Low-rank adaptation (LoRA) has been demonstrated effective in reducing the trainable parameter number when fine-tuning a large foundation model (LLM). However, it still encounters computational and memory challenges when scaling to larger models or addressing more complex task adaptation. In this work, we introduce Sparse Spectrum Adaptation via Discrete Hartley Transformation (SSH), a novel approach that significantly reduces the number of trainable parameters while enhancing model performance. It selects the most informative spectral components across all layers, under the guidance of the initial weights after a discrete Hartley transformation (DHT).
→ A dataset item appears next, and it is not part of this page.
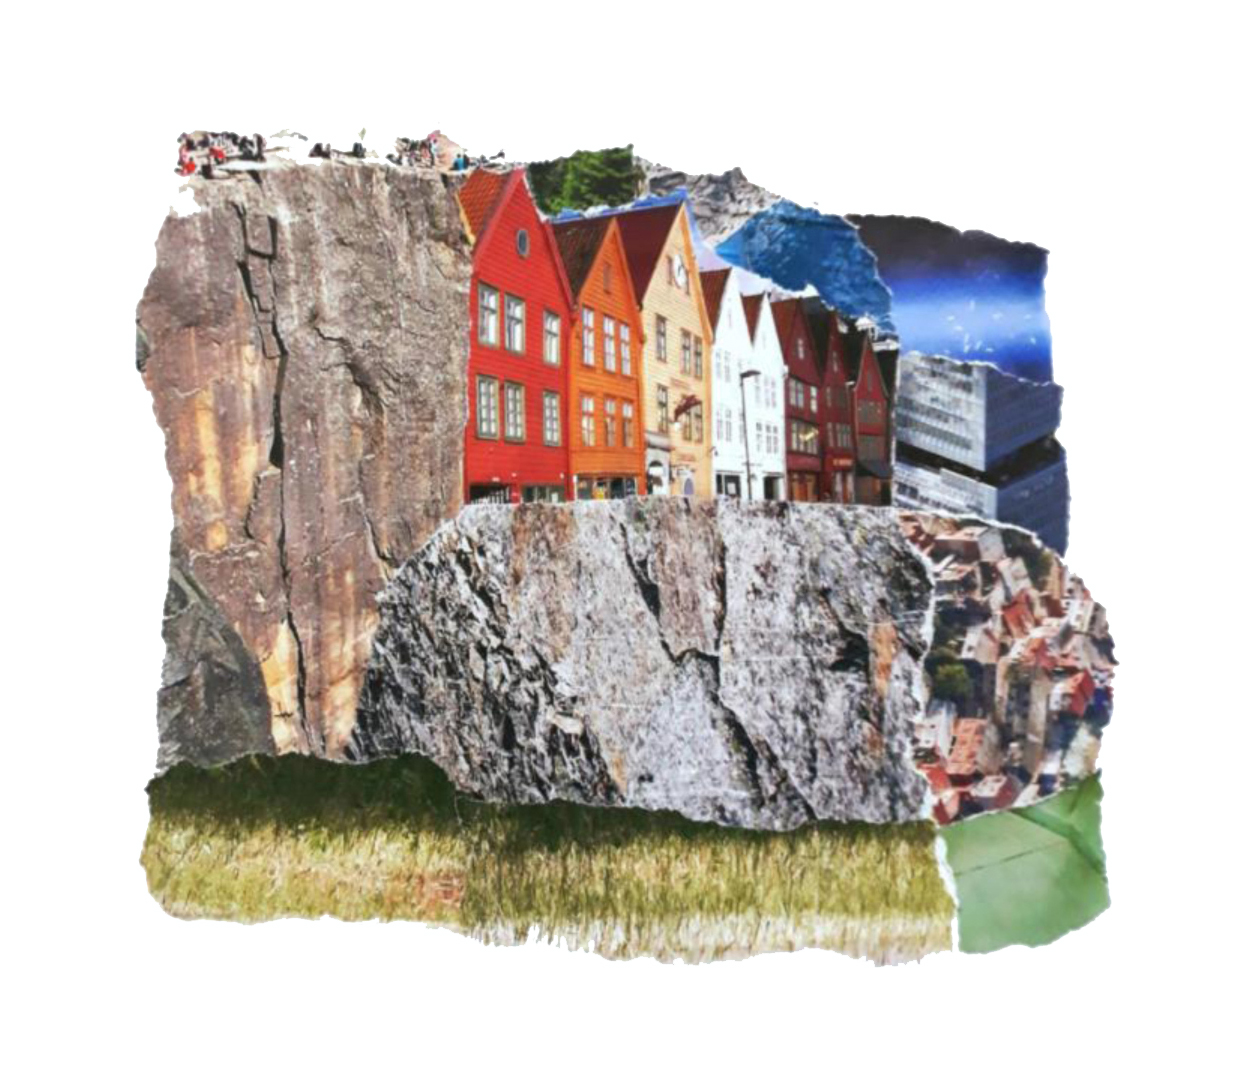 On the rocks, Papiercollage, 20 x 26 cm (inkl. Objektrahmen), 2019

The lightweight inverse DHT then projects the spectrum back into the spatial domain for updates. Extensive experiments across both single-modality tasks such as language understanding and generation and multi-modality tasks such as video-text understanding demonstrate that SSH outperforms existing parameter-efficient fine-tuning (PEFT) methods while achieving substantial reductions in computational cost and memory requirements.

Paper Structure

This paper contains 27 sections, 7 equations, 4 figures, 12 tables, 1 algorithm.

Figures (4)

  • Figure 1: Performance and computation comparison of fine-tuning methods in NLP and CV Tasks. (a) For NLP on LLaMA3.1-8B, SSH achieves 7.93 GPT-4 score, closely matching full fine-tuning's 7.95 score, while using less than 0.1% of the parameters. (b) In CV tasks, SSH achieves 77.4% accuracy, matching the performance of full fine-tuning with significantly fewer parameters. (c) & (d) SSH reduces up to 55% of GFLOPs compared to FourierFT in both NLP and CV tasks, providing significant computation efficiency gains.
  • Figure 2: Overview of Sparse Spectrum Adaptation via Discrete Hartley Transform (SSH). First, the discrete Hartley transform (DHT) is applied to the pretrained weights to extract and retain the most important frequency components. Then, a selective process identifies specific spectral coefficients to be learned as trainable parameters, which are organized into a spectral matrix. Finally, the modified spectral matrix is transformed back to the spatial domain through the symmetric application of the inverse discrete Hartley transform (iDHT), ensuring accurate reconstruction and efficient updates to the model's weights.
  • Figure 3: Visual representation of the RoBERTa attention mechanism's key and value matrices before and after discrete Hartley transform (DHT). (a)(b) show the original weight distributions of the key and value matrices, respectively. (d)(e) depict the transformed DHT values, demonstrating effective spectral compression. Heatmaps (c)(f) illustrate the output weights before and after DHT, highlighting the achieved sparsity and efficient representation.
  • Figure 4: Ablation study of SSH on GLUE tasks illustrating the effect of varying energy ratios ($\delta$) on performance with RoBERTa-base (n=750). Performance is normalized to $\delta = 0.5$, showing optimal balance and diversity in spectral representation at $\delta = 0.7$.